The future of Newton's Legacy



A major turning point in the future of Newton's legacy came with the 1990 publication of Essays of the context, nature and influence of Isaac Newton's theology by James E. Force and Richard H. Popkin. In 1991, the bulk of the Newton manuscripts were released on forty-three reels of microfilm. This allowed a much more cohesive study, perhaps giving for the first time a broader picture of Newton and his works.

One of the main things to come out of this is a respect for Newton's other areas of interest in their own right, rather than as insignificant adjuncts. To make this point, Popkin suggests that the question shouldn't be why one of the world's greatest scientists should have spent so much time thinking and writing about such arcane matters, but why did one of the greatest anti-Trinitarian theologians of the 17th century take time off to write works on natural science. This was said partly tongue in cheek but also to make a point.

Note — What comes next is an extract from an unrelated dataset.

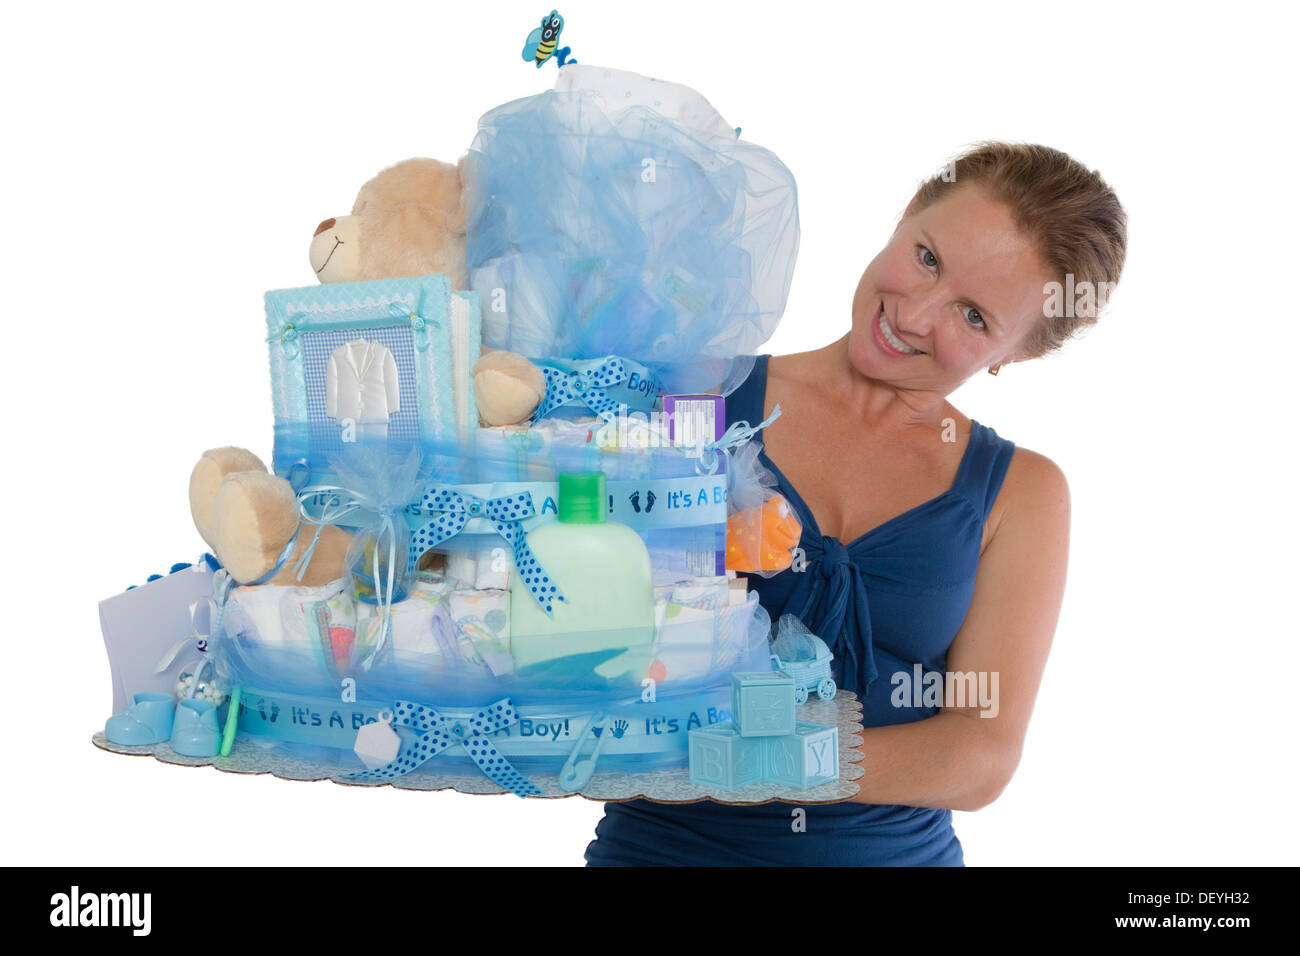 Hübsche Dame präsentiert eine Babywindel Kuchen mit verschiedenen Produkten für die werdende Familie und ihre junge, isoliert auf einem weißen Backg Stockfoto

Why should Newton's theological and alchemical works be considered as less valid than his scientific works? In fact, Newton himself wrote them all with the same purpose in mind - to understand God. He had believed that experiment had a moral object - to learn more about God and how to serve Him. He saw himself not as someone who was a pioneer of the new science but as a restorer of ancient wisdom God had given to humankind.

Newton sought to reconcile the Book of Nature with the Book of Scripture.

If we look closely enough, we will see evidence of this in all of Newton's work.